▸ **GOAL OF THE EXERCISE**
Using only the entries below, output the lines starting at the one containing "A bride in a" and ending at the one containing "Playette 2 in", exactly and inclusive of both, omitting the pictures.

-------- PROVIDED ENTRIES --------

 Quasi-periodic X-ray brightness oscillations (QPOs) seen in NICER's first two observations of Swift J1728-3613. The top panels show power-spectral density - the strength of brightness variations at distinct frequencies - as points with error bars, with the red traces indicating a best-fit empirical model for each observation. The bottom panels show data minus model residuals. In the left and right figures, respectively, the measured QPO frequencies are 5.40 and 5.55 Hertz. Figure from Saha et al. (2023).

--------
-------- PROVIDED ENTRIES --------

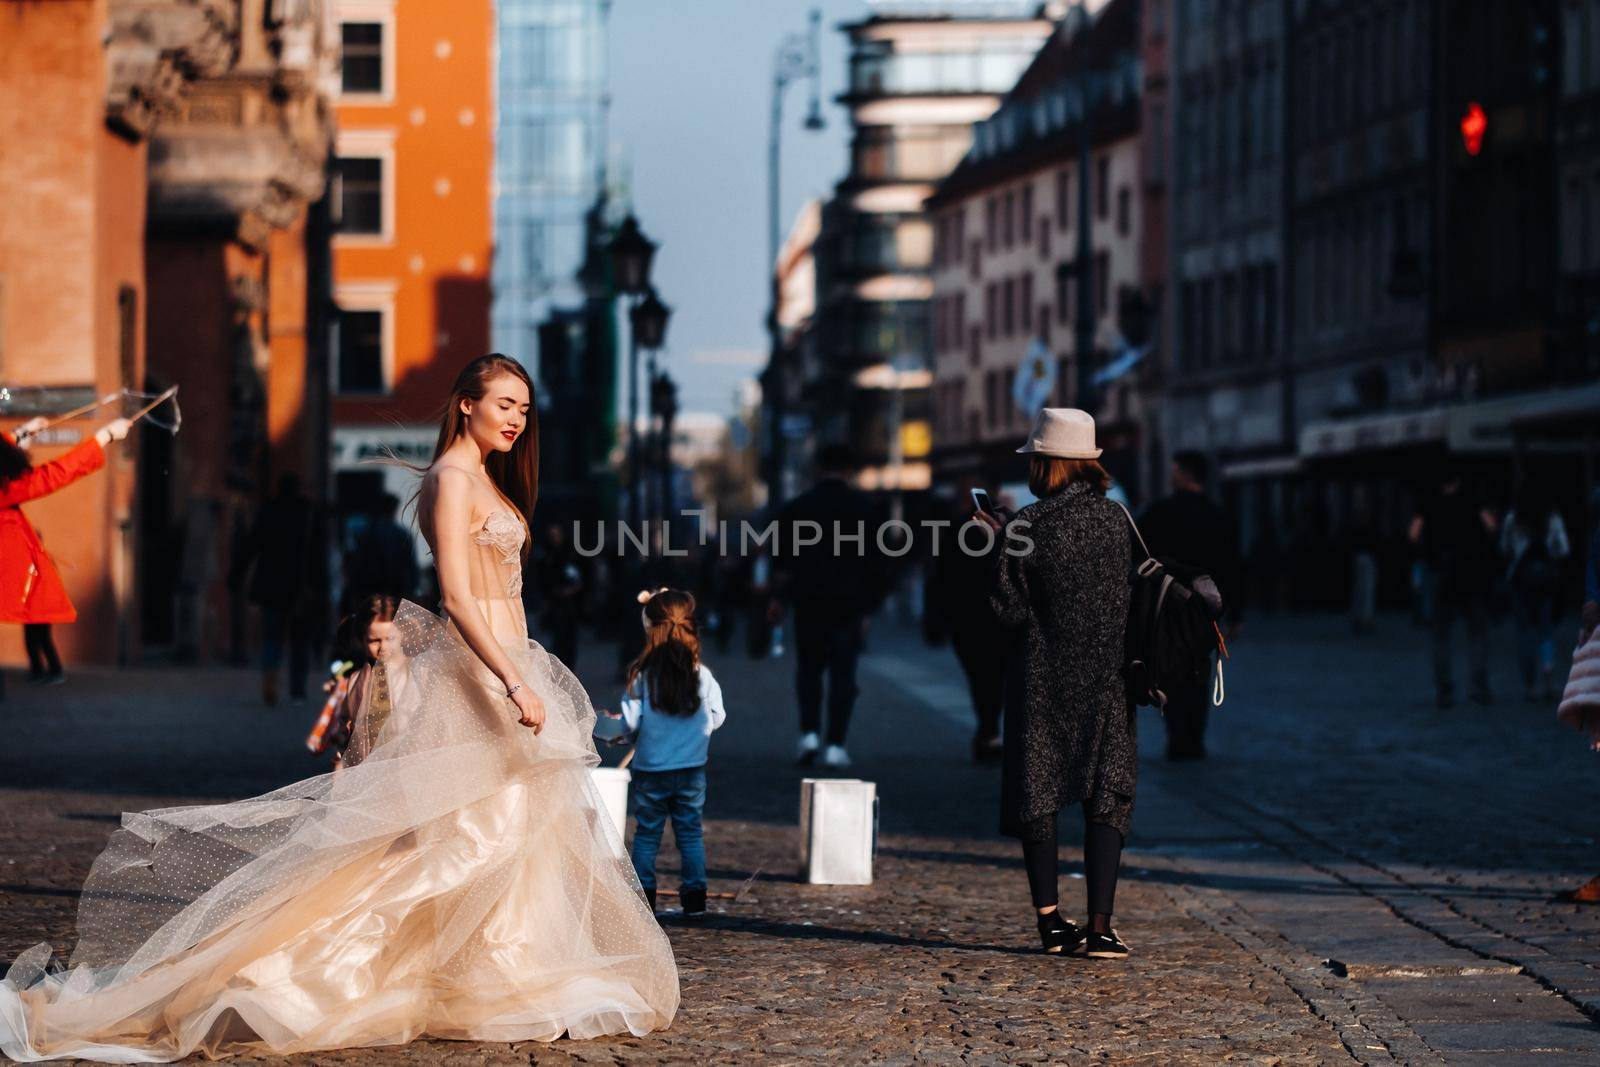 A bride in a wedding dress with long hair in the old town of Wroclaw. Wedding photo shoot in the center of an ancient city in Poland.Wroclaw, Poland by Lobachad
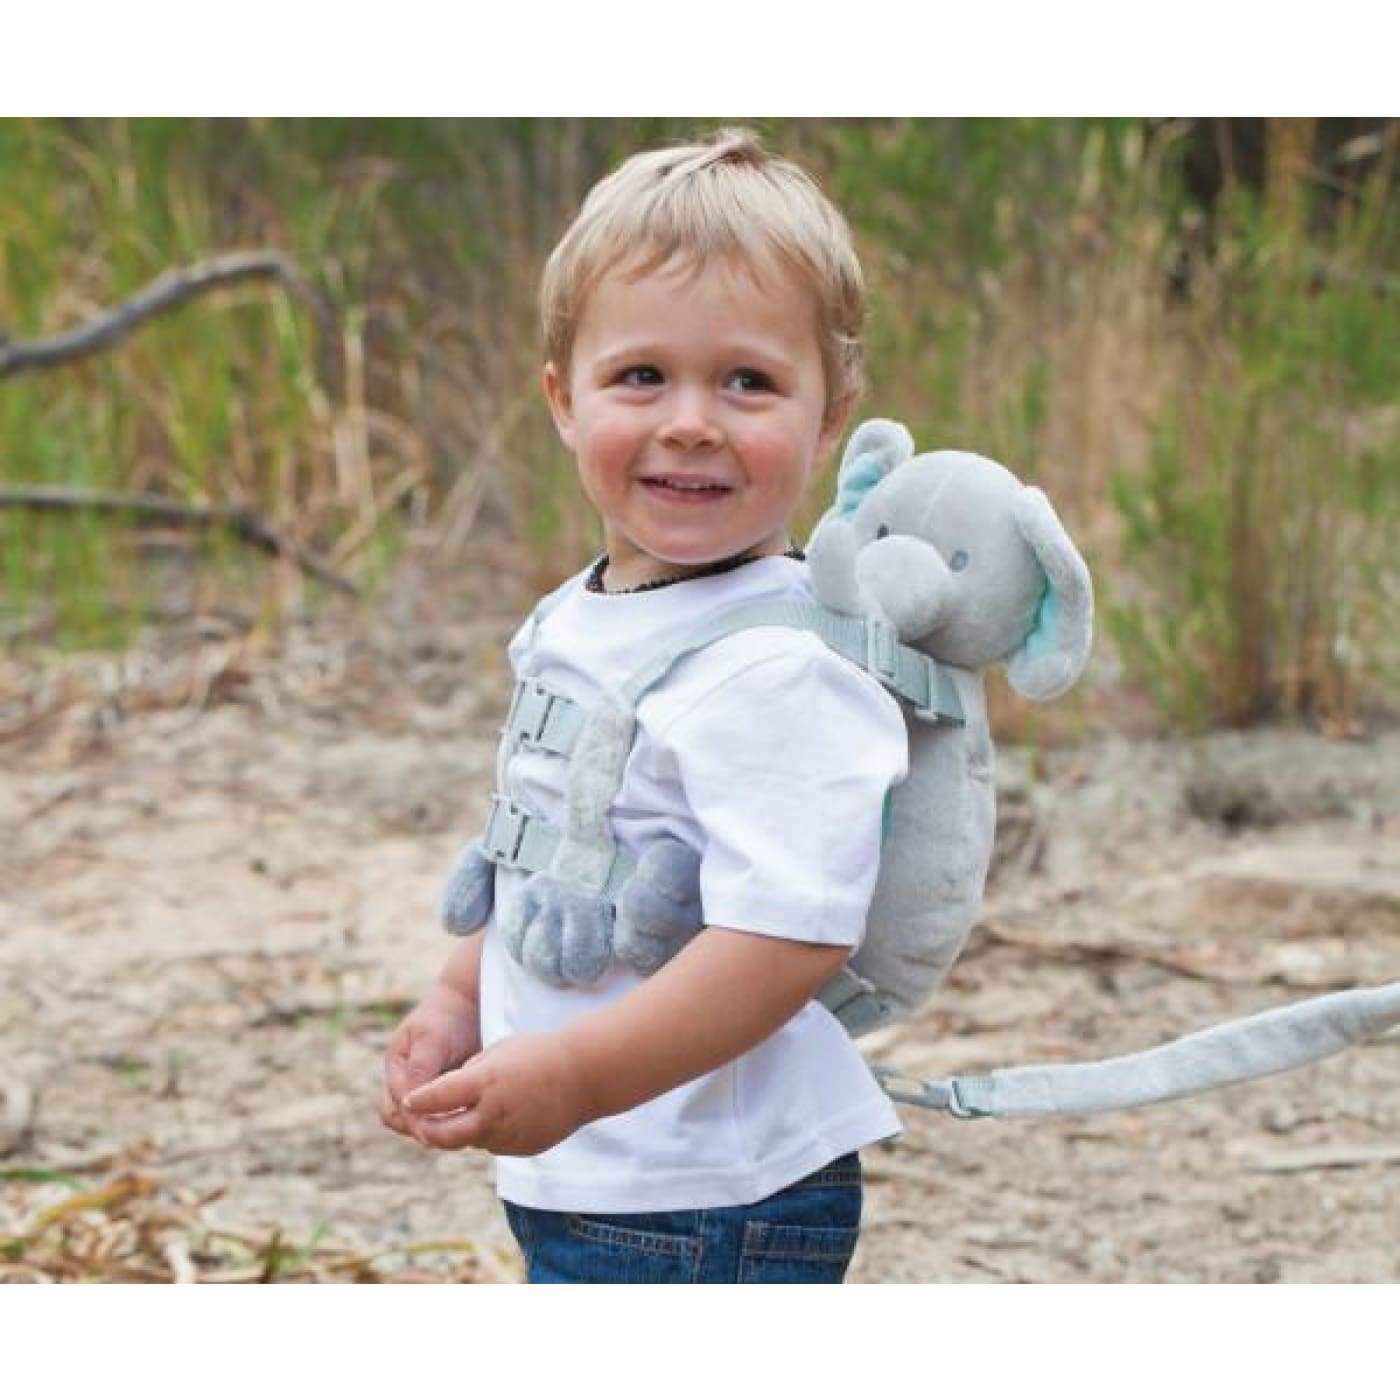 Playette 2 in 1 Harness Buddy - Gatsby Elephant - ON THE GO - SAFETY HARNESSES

--------

▸ **EXERCISE RESPONSE**
 A bride in a wedding dress with long hair in the old town of Wroclaw. Wedding photo shoot in the center of an ancient city in Poland.Wroclaw, Poland by Lobachad
 Playette 2 in 1 Harness Buddy - Gatsby Elephant - ON THE GO - SAFETY HARNESSES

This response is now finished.